(DATA EXCERPT)
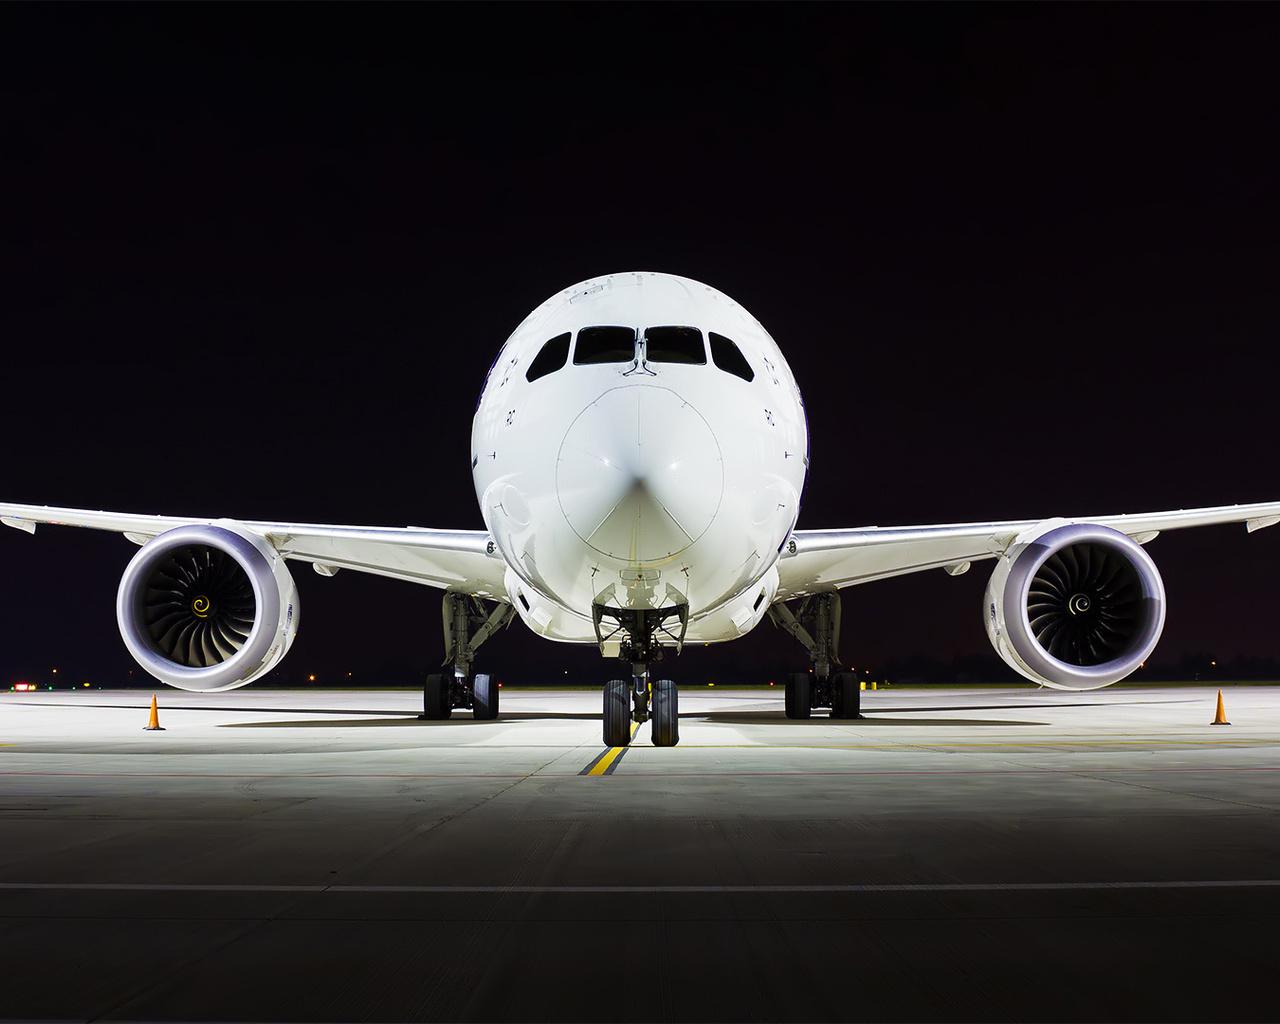 boeing 787, b787, dream)liner, самолёт, аэропорт, вечер, ночь
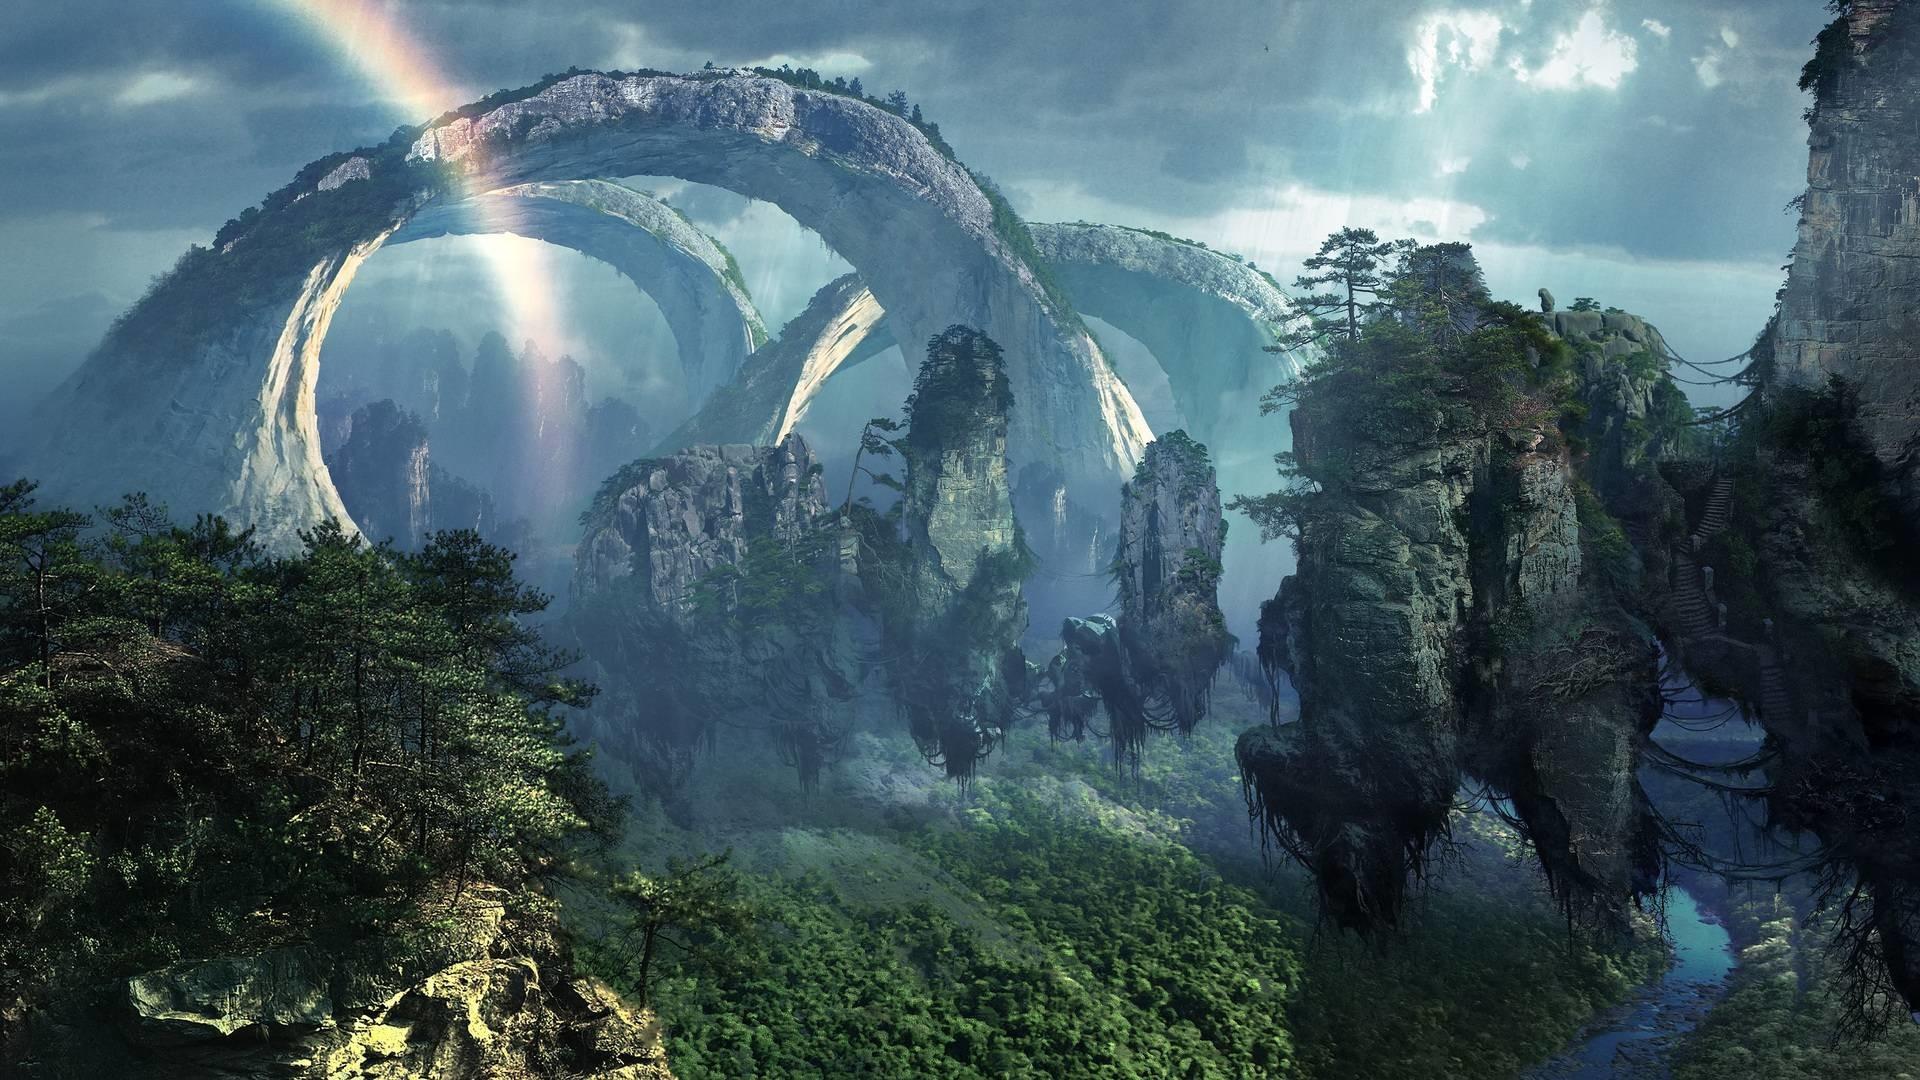 epic fantasy landscape wallpaper | vergapipe.
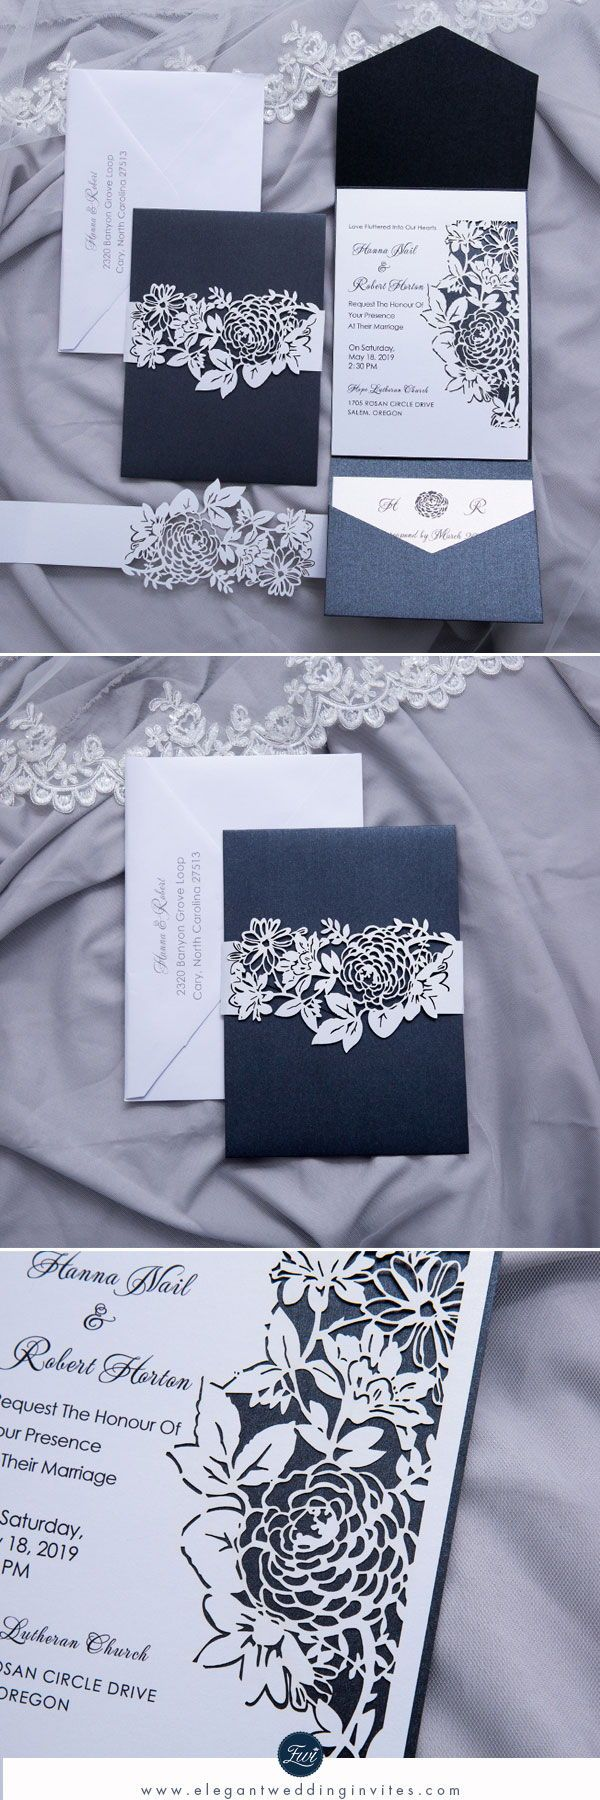 Wedding decorations at church january 2019 NewReleased Wedding Invitation Design and Matched Wedding Decor
(End DATA EXCERPT)
WORK TO COMPLETE: In your copy, reproduce the data above exactly and skip every picture.

ANSWER TO THIS PROBLEM:
 boeing 787, b787, dream)liner, самолёт, аэропорт, вечер, ночь
 epic fantasy landscape wallpaper | vergapipe.
 Wedding decorations at church january 2019 NewReleased Wedding Invitation Design and Matched Wedding Decor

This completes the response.